→ To do
Once the line with "朱鞠内湖氷上ワカサギ釣り" is found in the entries below, print it and each following line exactly, stopping after the line with "和らげる慢な確立します1シート 白い 半透の花"; print nothing else.

→ Provided records
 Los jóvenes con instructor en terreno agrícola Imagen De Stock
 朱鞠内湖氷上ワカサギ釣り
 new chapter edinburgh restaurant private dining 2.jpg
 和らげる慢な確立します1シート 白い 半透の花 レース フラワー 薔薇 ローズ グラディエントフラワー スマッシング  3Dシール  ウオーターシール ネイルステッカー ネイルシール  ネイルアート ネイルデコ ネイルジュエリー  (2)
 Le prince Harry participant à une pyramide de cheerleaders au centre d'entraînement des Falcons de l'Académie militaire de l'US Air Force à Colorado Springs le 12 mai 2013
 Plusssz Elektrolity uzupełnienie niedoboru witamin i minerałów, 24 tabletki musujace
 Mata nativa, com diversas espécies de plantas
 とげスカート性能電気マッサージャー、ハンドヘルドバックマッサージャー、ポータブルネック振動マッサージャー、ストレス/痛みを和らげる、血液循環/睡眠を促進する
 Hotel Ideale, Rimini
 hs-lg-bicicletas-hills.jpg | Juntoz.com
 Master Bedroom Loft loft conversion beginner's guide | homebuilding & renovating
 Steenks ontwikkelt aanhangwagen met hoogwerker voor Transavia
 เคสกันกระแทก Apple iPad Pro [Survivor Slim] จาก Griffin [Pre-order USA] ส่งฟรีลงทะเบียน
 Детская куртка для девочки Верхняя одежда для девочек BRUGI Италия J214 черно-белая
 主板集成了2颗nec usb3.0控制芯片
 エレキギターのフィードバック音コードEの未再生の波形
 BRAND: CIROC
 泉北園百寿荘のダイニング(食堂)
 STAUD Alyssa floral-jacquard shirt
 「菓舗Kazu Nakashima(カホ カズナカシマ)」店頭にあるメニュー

→ Response to this task
 朱鞠内湖氷上ワカサギ釣り
 new chapter edinburgh restaurant private dining 2.jpg
 和らげる慢な確立します1シート 白い 半透の花 レース フラワー 薔薇 ローズ グラディエントフラワー スマッシング  3Dシール  ウオーターシール ネイルステッカー ネイルシール  ネイルアート ネイルデコ ネイルジュエリー  (2)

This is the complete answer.